Acadian Coastal Drive

I’ve always seen the signs for different scenic drives around New Brunswick, but hadn’t really been intentional about ever actually doing one. With Canada Day coming, I thought it would be a good opportunity to drive up the coast and see an area of NB that I don’t think I’ve ever seen before. The most north-eastern point - Miscou Island. I didn’t really know what to expect, and the only thing I really wanted to see at the outset was a pretty church I’d heard about. I was really happy with the outcome. We pretty much just followed the signs!


We didn’t get a very early start and left Moncton around 11:00am. Had to make one pit stop in Shediac to pick up a mug that I’d left at an Air BnB the week before. (Had the chance to practice my French and try to explain myself to a nice family from Montreal :) ). This is the beginning of the Coastal route and the beginning of my day of practicing my French.

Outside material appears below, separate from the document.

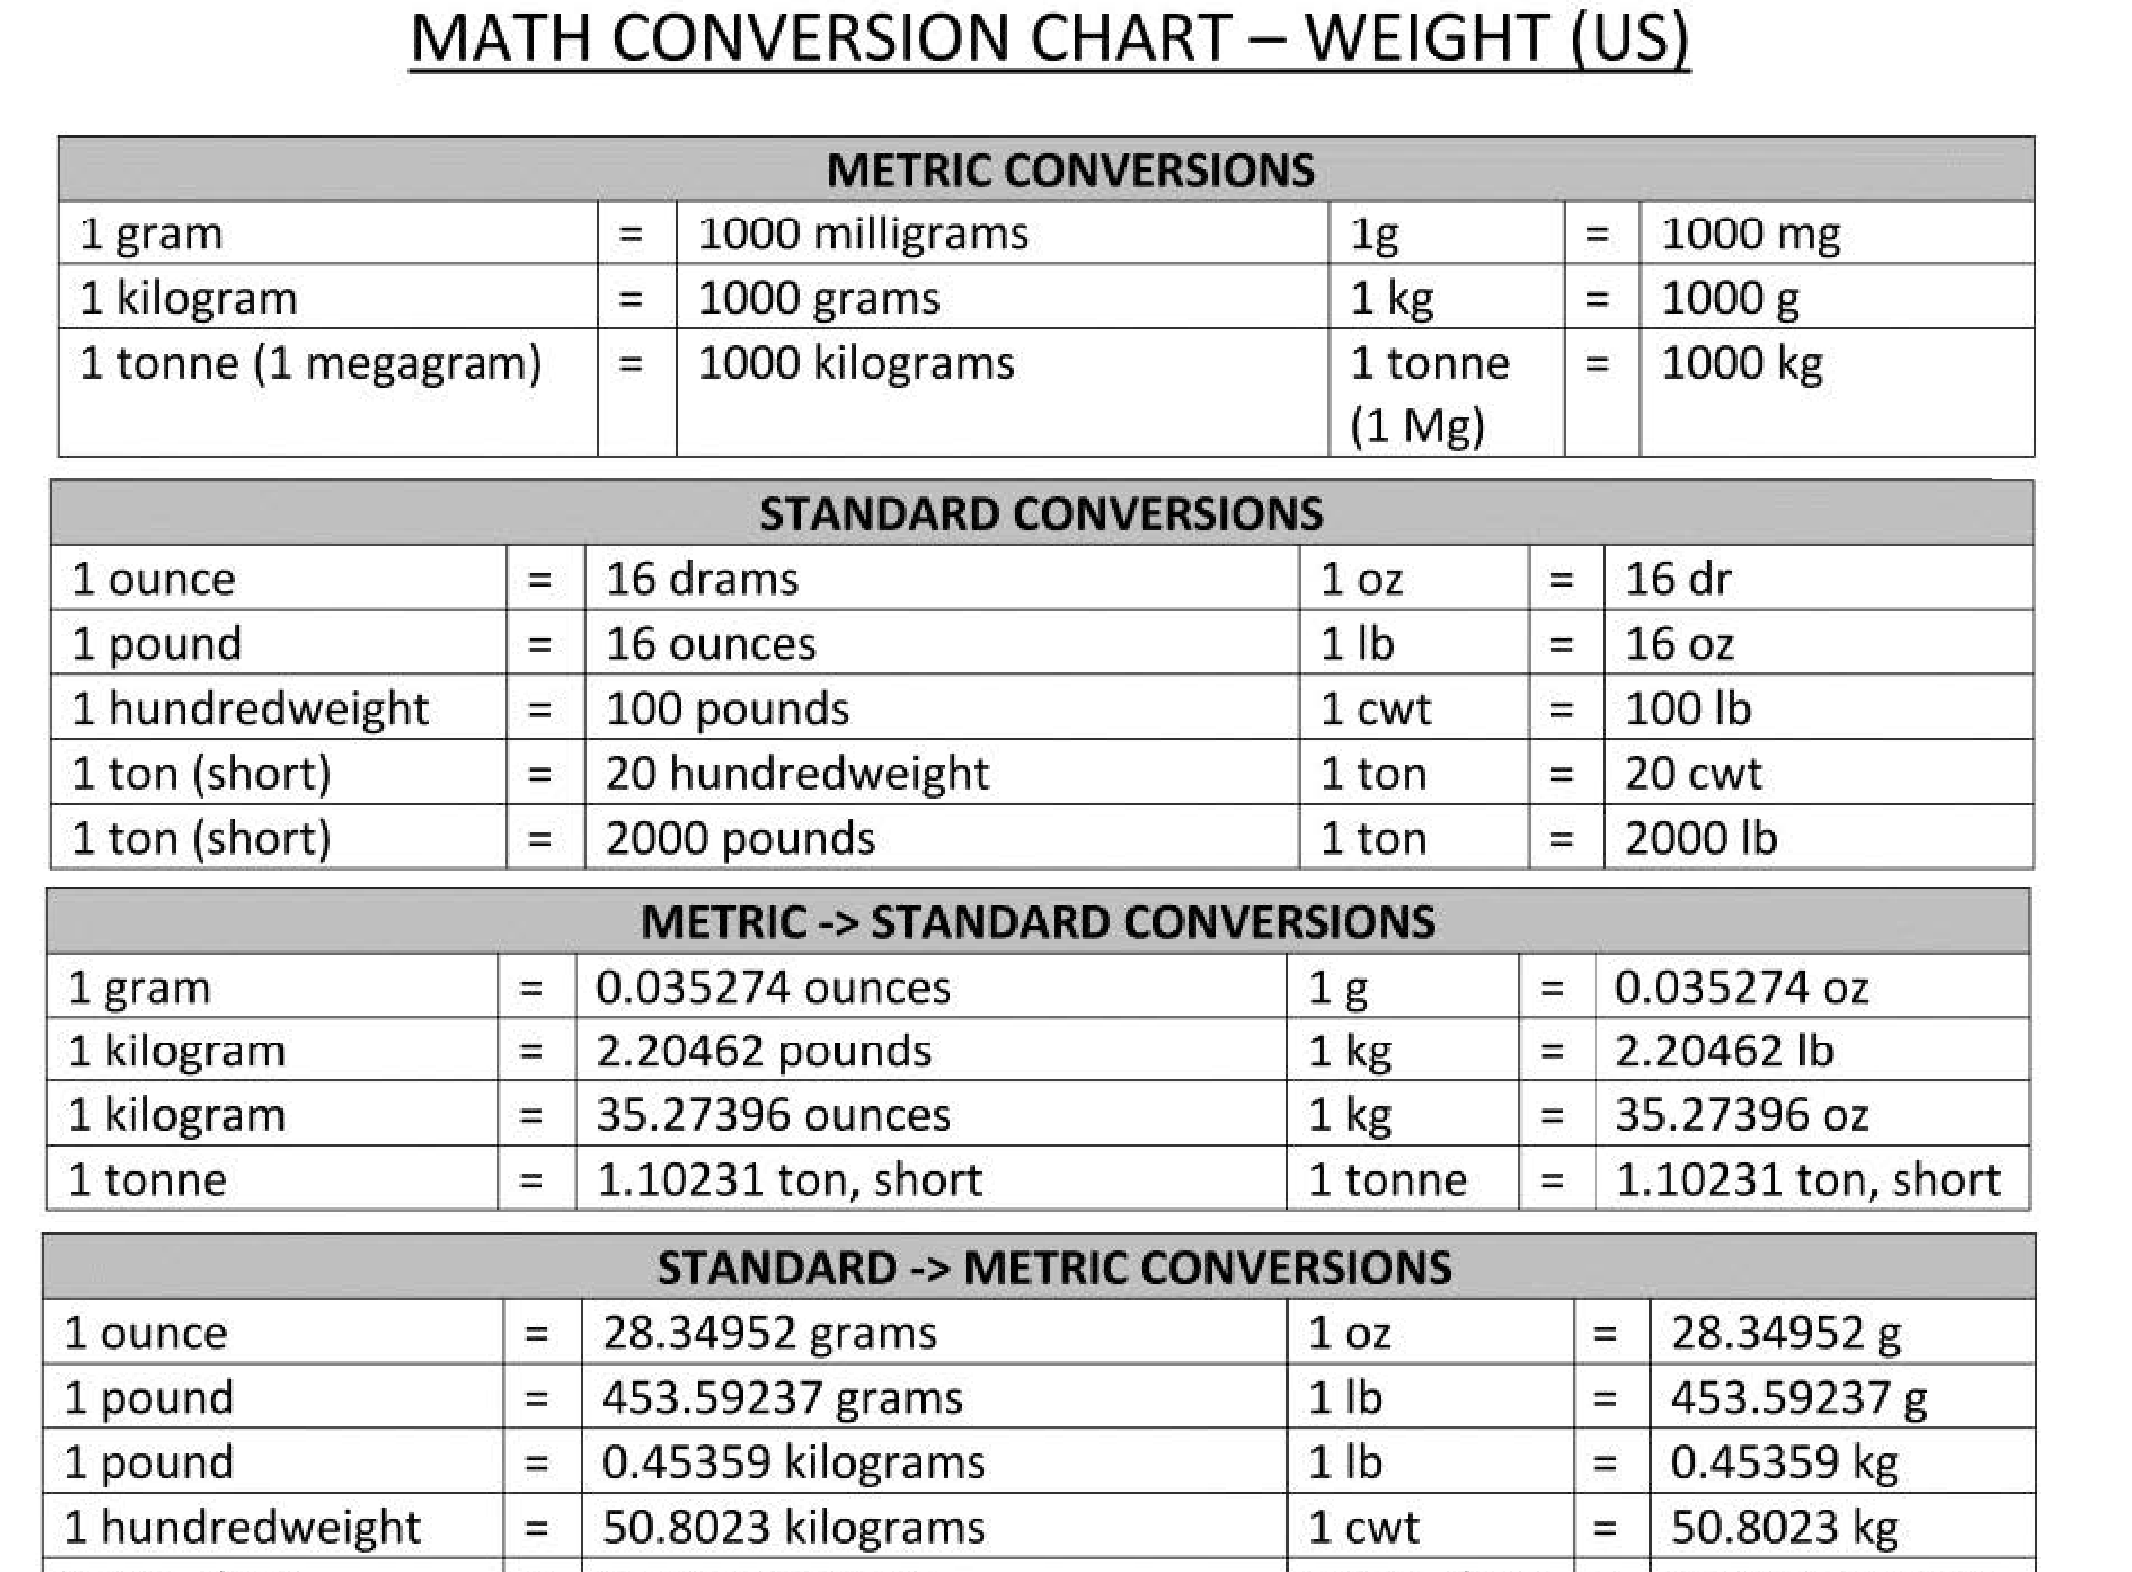 Math Conversion Chart
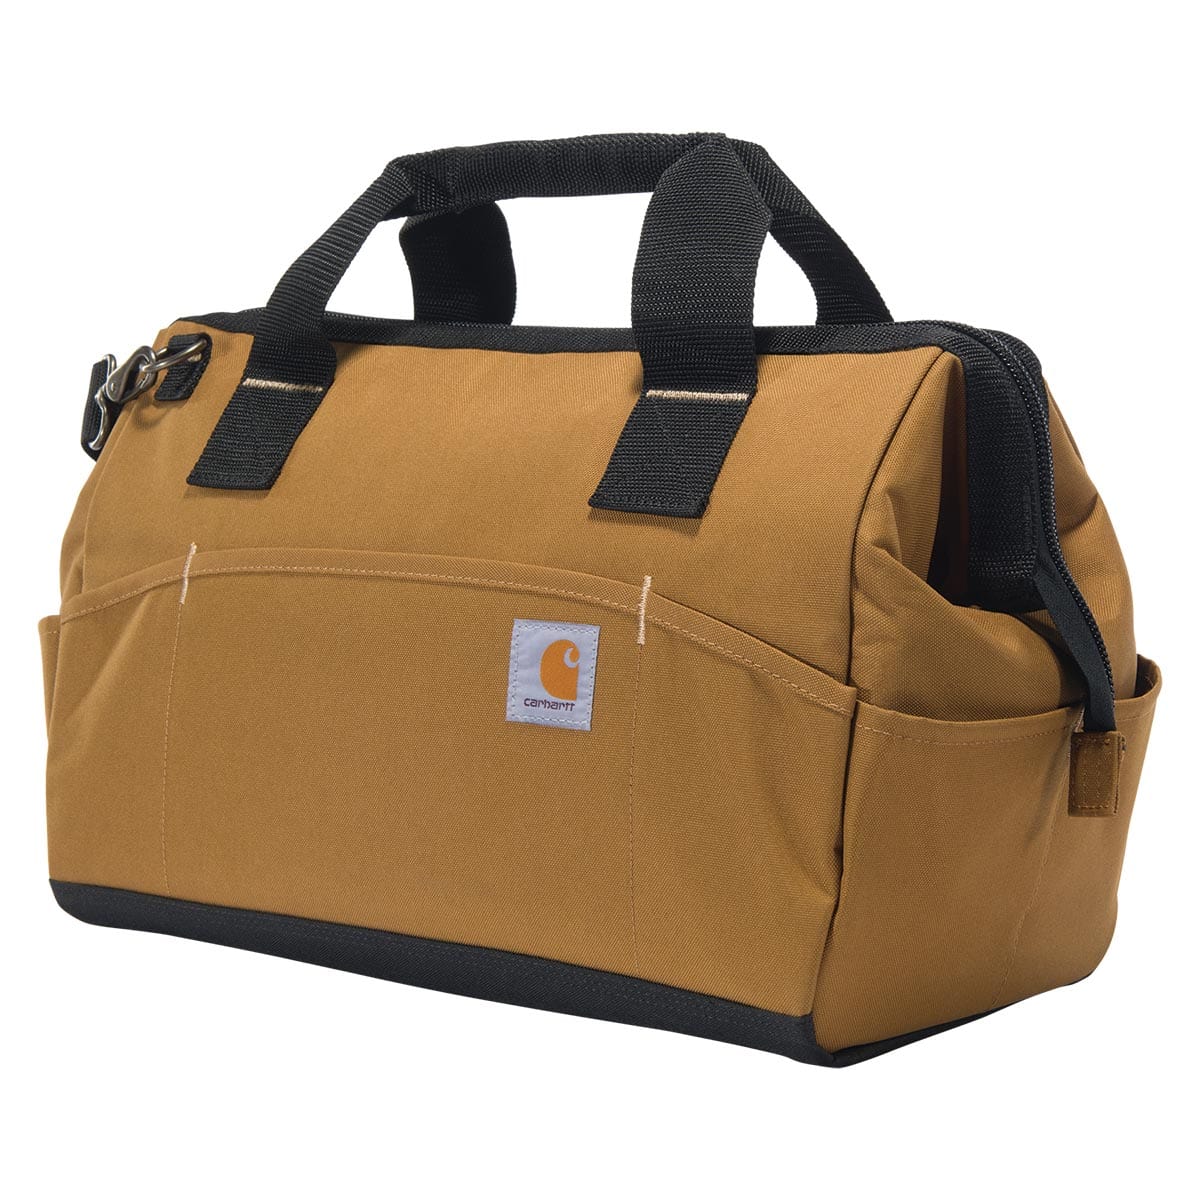 Carhartt 16-inch 17 Pocket Midweight Tool Bag

I’d driven this section lots before and loved driving by the coast between Shediac and Bouctouche, especially the sections that just have some huge rocks between you and the ocean, like this spot.

But this pic is actually further north.

But this pic is actually further north.

PS - GREAT beach at the Dunes in Bouctouche. Check it out!


And so many other beautiful coastal views along the way:


We hit Bouctouche, but didn’t have the time to stop at Le Pays de la Sagouin on our drive, but you could definitely make that a stop! I haven’t been there since my grade 5 field trip! 

After gassing up, we continued up toward Miscou and enjoyed more sights of beautiful “cottages”, little towns and Acadian flags. 

We made a quick pit stop at a beach at Camping de la Dune. It was pretty unpopulated and really pretty. This was really a driving trip and we didn’t stay long at all. 


We searched on Trip Advisor for what would make the best supper stop and then asked a local in Tracadie what she would recommend. By this point we were getting pretty hungry as all we’d eaten were gas station taquitos and gatorade. lol. She suggested Au P’tit Mousse which was a great suggestion, but we will get to that later. 

From Tracadie, we started our hunt for the Church that was my first priority of seeing, but all we had was a map from Instagram. This started our mini “church tour” where we saw three beautiful churches . . .

Thankfully, Miscou is a pretty small place and the second church we looked at was actually the “right” one! 

DSC06663-8 2.jpg

So cool! The story is pretty cool too and I think they could make a pretty great indie movie out of it. With age, the church started to deteriorate and instead of spending thousands and thousands of dollars to reapair it, the priest who worked there at the time (Reverend Gérard d’Astous) took it upon himself to transform the aging wood into a beautiful and eclectic work of art. 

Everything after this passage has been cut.